DATA SEGMENT section start
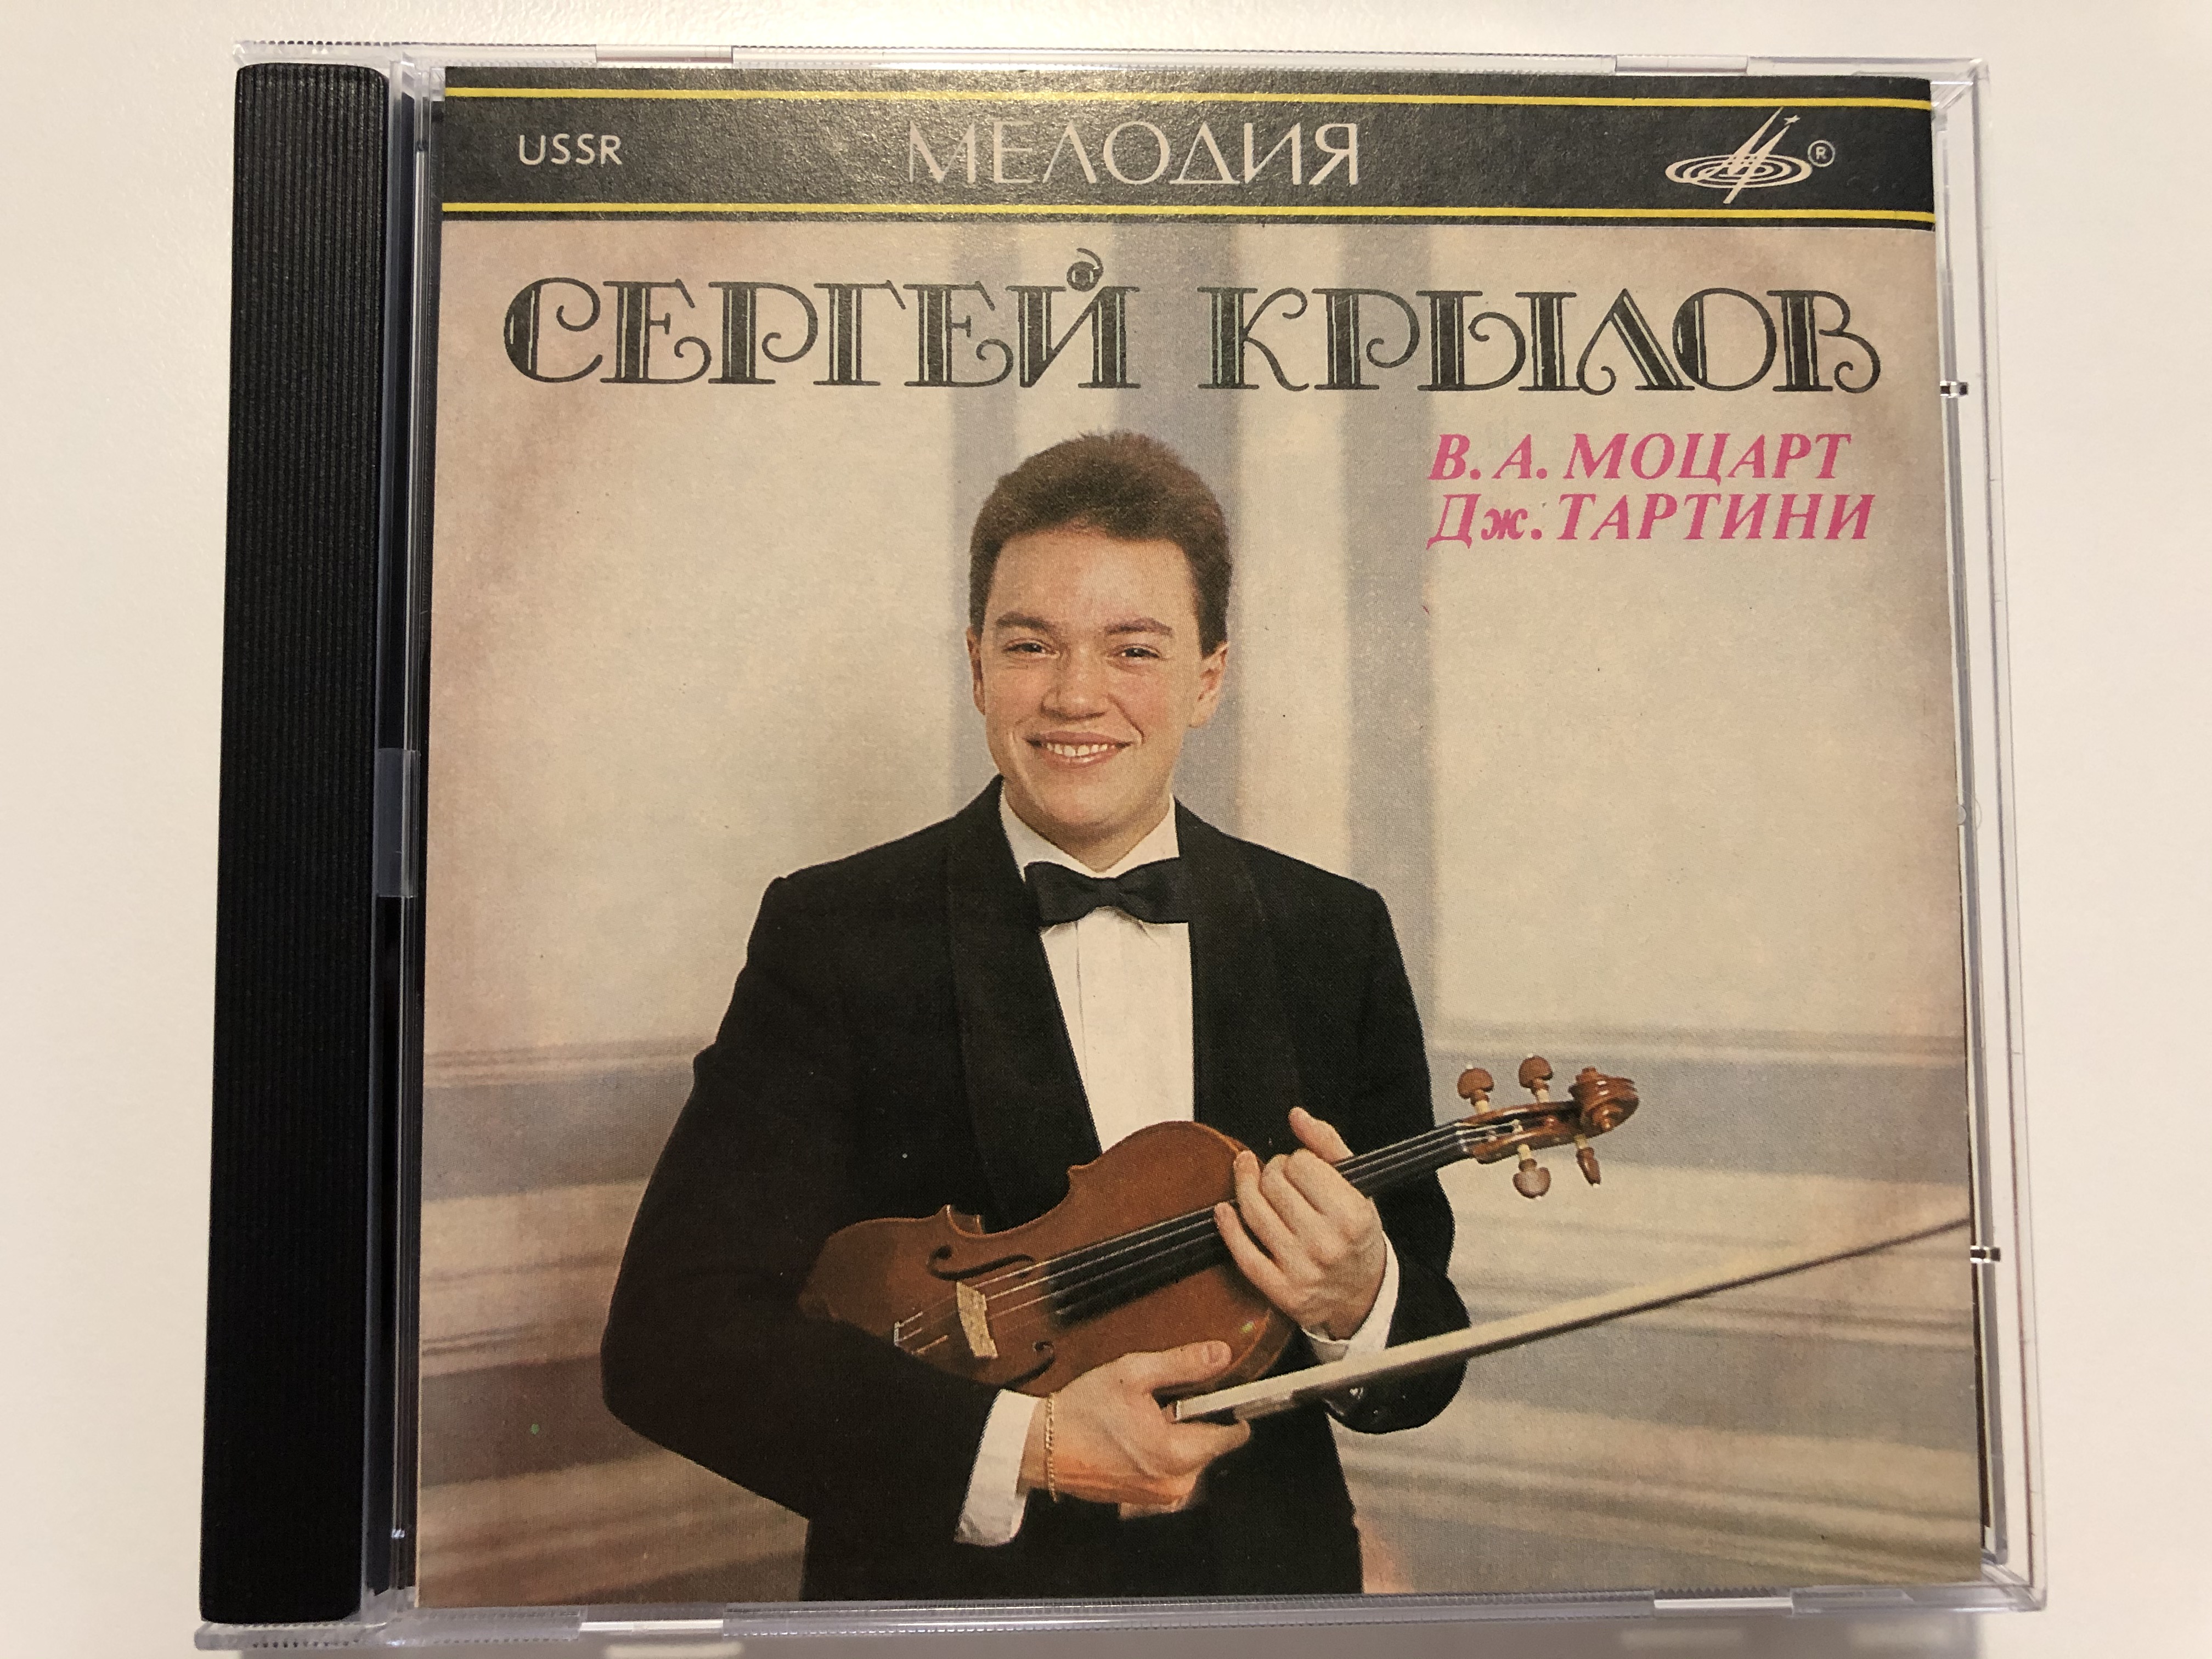 sergei-krylov-w.-a.-mozart-g.-tartini-audio-cd-1990-sucd-10-00016-1-.jpg
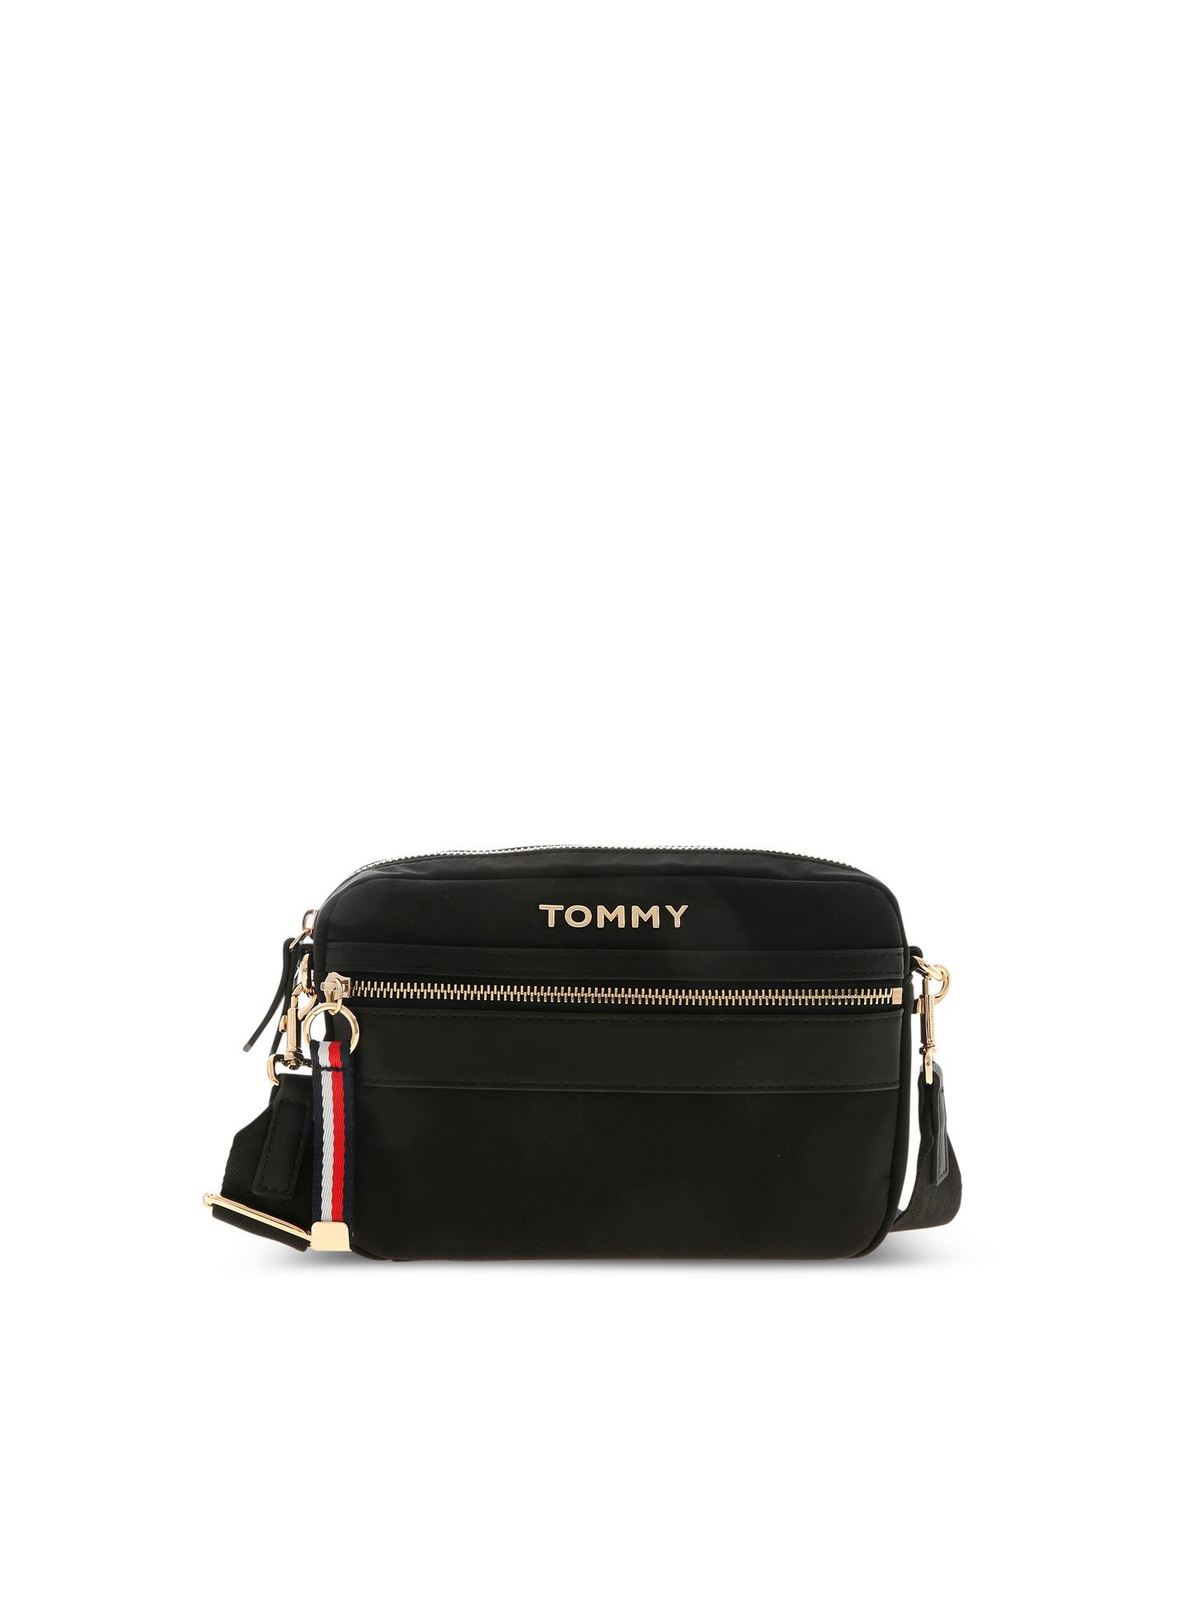 tommy hilfiger black shoulder bag
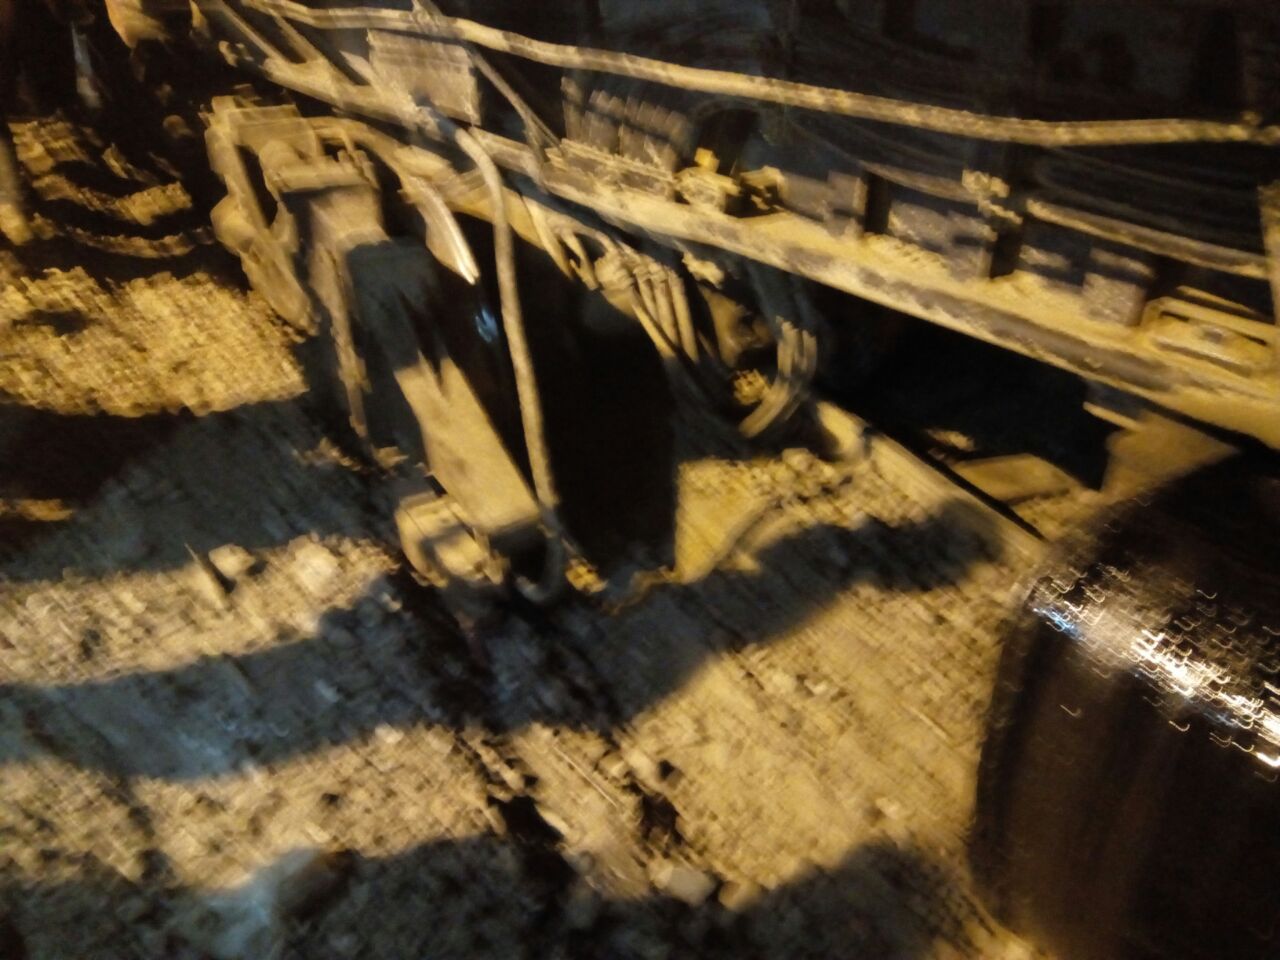 خروج قطبان جرار قطار عن القضبان وتوقف حركة القطارات بكفر الشيخ  (17)
DATA SEGMENT section end
REQUIRED ACTION:
Restate the data above word for word, so that the only difference is the missing pictures.

TASK RESULT:
 sergei-krylov-w.-a.-mozart-g.-tartini-audio-cd-1990-sucd-10-00016-1-.jpg
 tommy hilfiger black shoulder bag
 خروج قطبان جرار قطار عن القضبان وتوقف حركة القطارات بكفر الشيخ  (17)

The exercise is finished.